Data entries
....

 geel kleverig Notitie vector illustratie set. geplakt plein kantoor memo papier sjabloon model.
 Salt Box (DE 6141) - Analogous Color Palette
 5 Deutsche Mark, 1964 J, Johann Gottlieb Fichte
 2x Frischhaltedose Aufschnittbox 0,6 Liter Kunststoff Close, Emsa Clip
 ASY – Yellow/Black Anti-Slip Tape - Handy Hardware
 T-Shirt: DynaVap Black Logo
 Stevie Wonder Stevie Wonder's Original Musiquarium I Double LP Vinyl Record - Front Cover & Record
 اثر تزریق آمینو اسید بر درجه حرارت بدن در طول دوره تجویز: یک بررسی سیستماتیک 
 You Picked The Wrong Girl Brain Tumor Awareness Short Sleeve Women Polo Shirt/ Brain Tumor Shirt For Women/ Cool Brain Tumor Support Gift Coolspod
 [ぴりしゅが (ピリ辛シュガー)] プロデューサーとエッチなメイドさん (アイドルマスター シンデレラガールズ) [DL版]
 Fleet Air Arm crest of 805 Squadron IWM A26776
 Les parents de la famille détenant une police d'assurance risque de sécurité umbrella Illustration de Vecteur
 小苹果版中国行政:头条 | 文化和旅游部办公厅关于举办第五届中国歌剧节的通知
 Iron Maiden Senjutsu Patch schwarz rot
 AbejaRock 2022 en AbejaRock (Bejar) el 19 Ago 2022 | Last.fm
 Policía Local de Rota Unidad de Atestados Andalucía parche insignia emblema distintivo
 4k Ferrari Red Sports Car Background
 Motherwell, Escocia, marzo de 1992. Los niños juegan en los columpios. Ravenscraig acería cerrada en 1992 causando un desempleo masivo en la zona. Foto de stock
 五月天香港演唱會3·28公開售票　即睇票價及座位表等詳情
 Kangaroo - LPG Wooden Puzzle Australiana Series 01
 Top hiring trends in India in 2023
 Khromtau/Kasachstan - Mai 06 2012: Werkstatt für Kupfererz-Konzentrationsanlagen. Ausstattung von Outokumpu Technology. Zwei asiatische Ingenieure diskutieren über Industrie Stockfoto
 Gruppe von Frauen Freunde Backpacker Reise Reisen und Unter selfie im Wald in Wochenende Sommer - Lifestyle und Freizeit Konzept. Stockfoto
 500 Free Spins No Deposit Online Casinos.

....

Wherever the string "Stockfoto" is found in the entries, copy the line it sits in.

> Exercise solution:
 Khromtau/Kasachstan - Mai 06 2012: Werkstatt für Kupfererz-Konzentrationsanlagen. Ausstattung von Outokumpu Technology. Zwei asiatische Ingenieure diskutieren über Industrie Stockfoto
 Gruppe von Frauen Freunde Backpacker Reise Reisen und Unter selfie im Wald in Wochenende Sommer - Lifestyle und Freizeit Konzept. Stockfoto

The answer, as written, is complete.